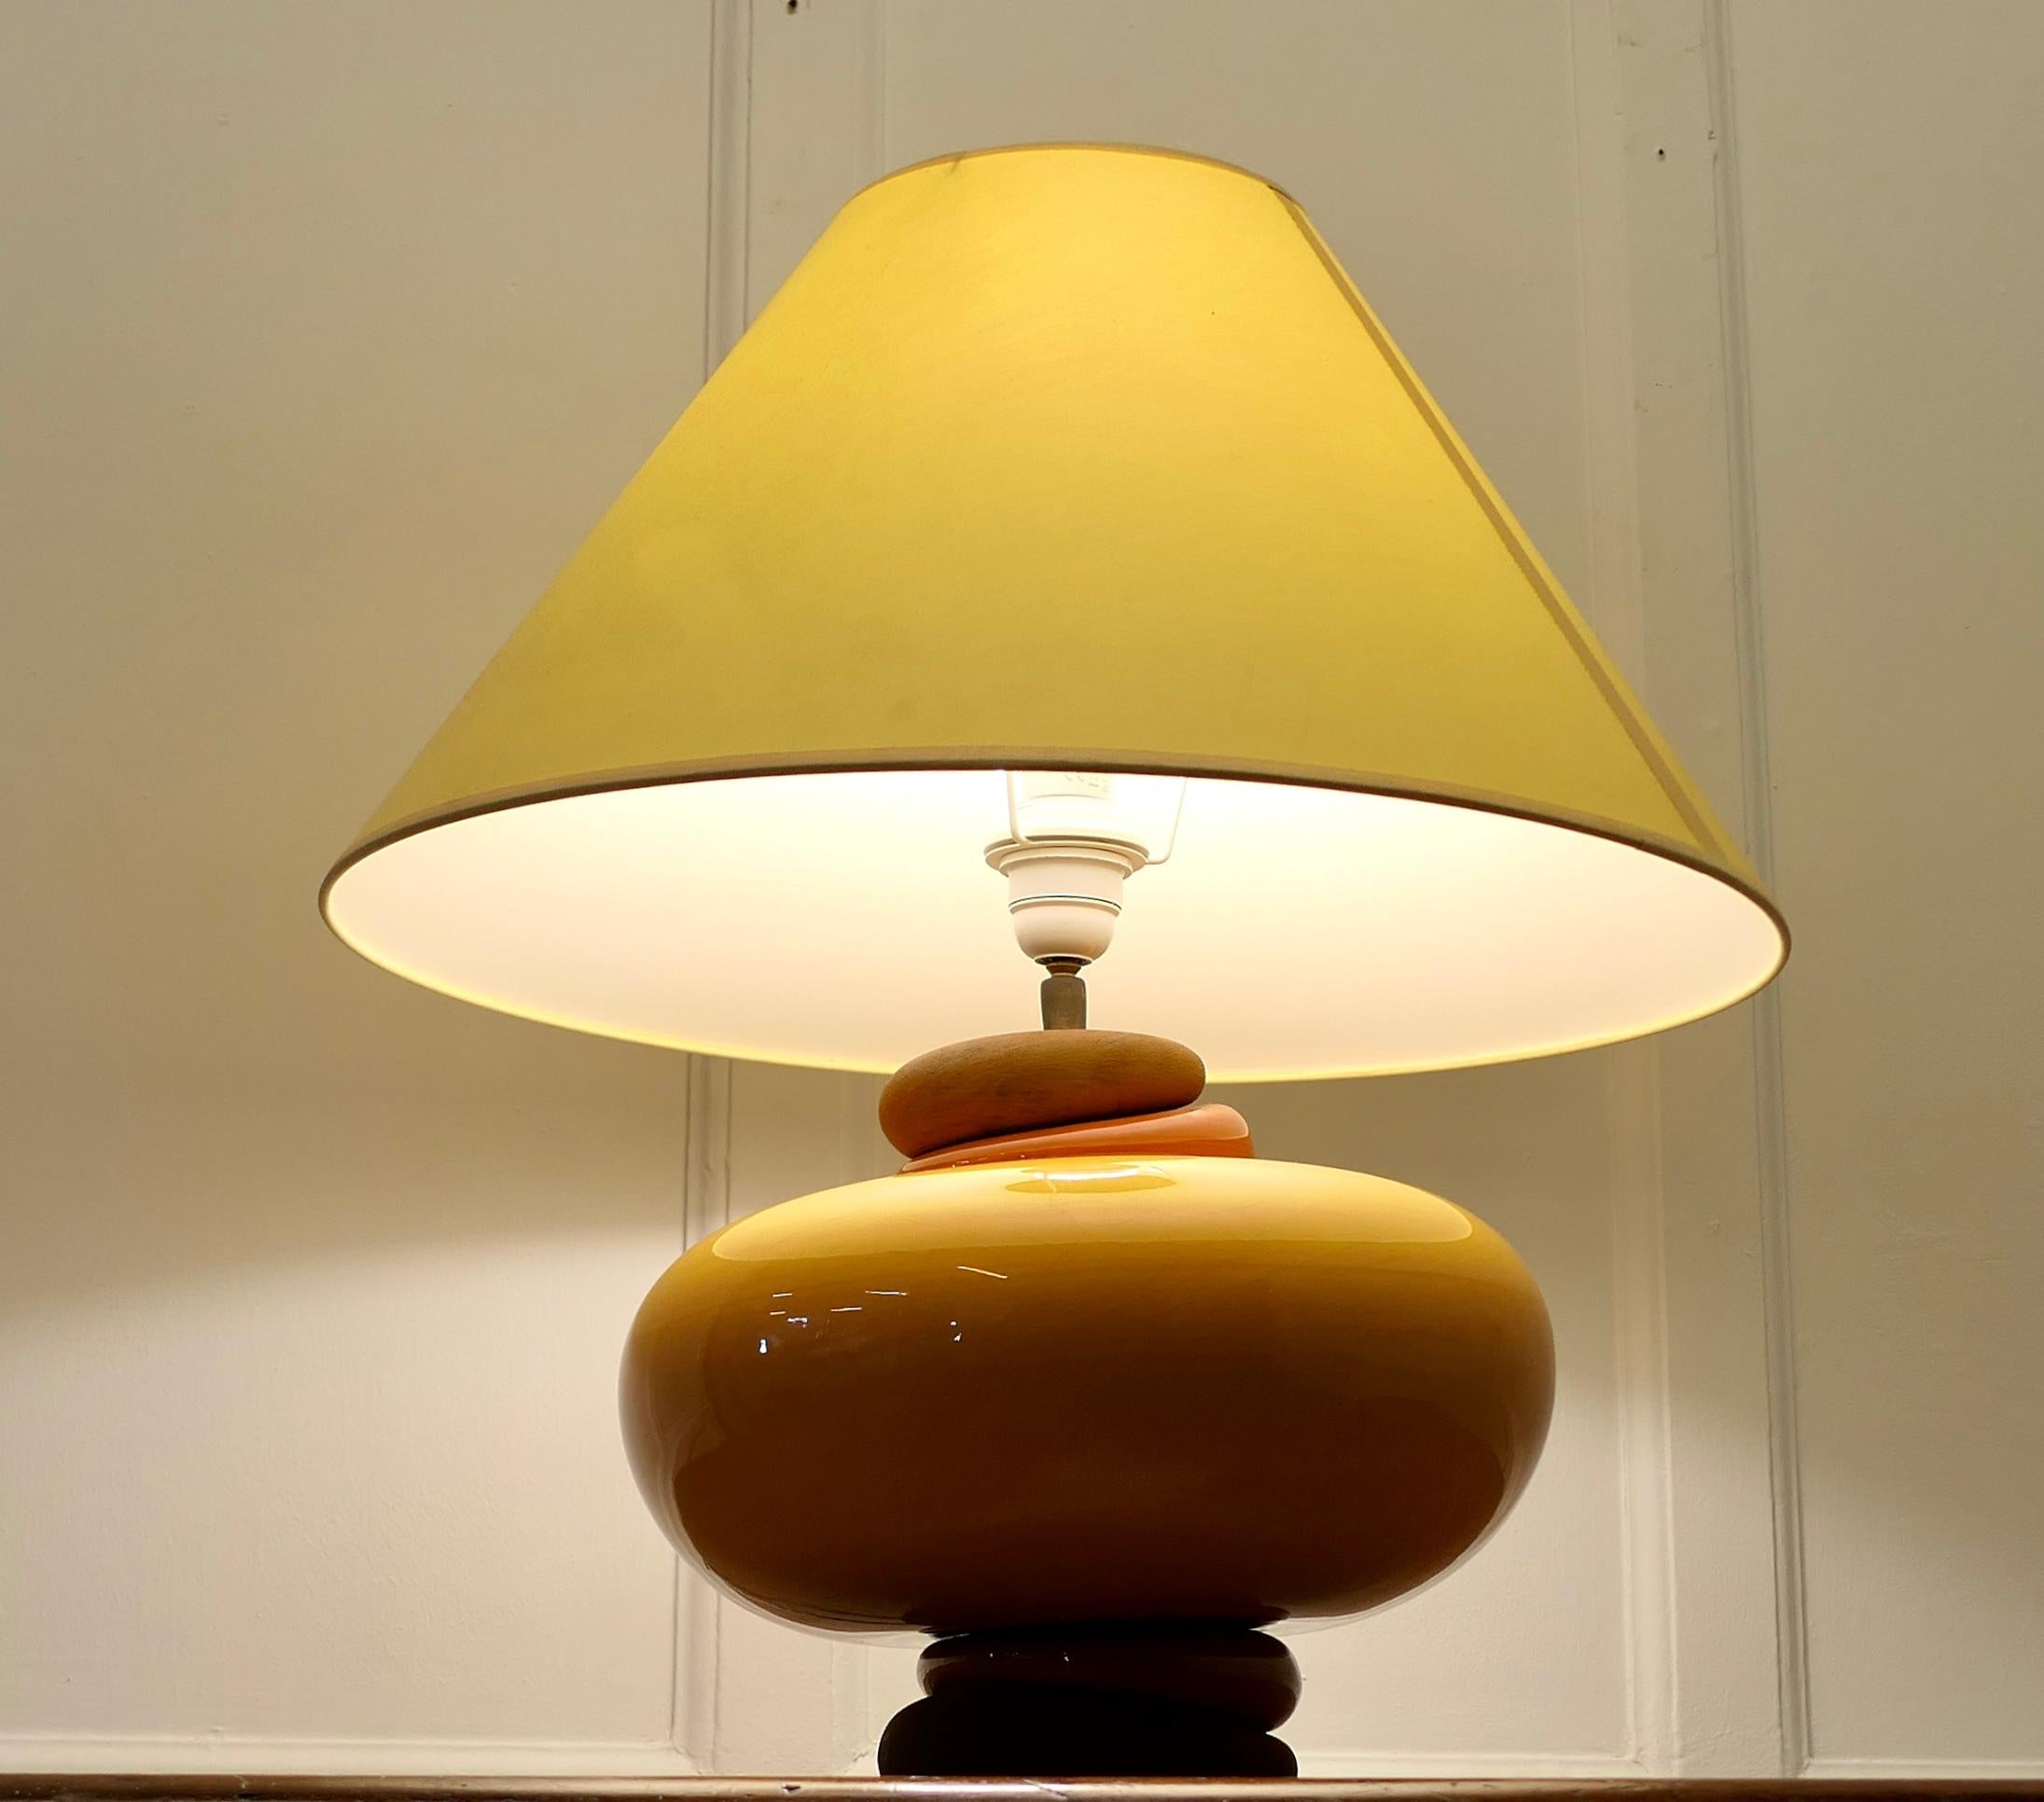 A Large Pebble and Rich Yellow Glass Sideboard Lamp

A Large French piece with layers of Glass and Pebble, the lamp is in bright Summer Colours and has a yellow Coolie Lampshade
All working and a great looker
The lamp is 22” tall, and 13” in

■ What you have to do ■
Repeat the data above exactly, leaving out any pictures it holds.

■ Written reply ■
 A Large Pebble and Rich Yellow Glass Sideboard Lamp

A Large French piece with layers of Glass and Pebble, the lamp is in bright Summer Colours and has a yellow Coolie Lampshade
All working and a great looker
The lamp is 22” tall, and 13” in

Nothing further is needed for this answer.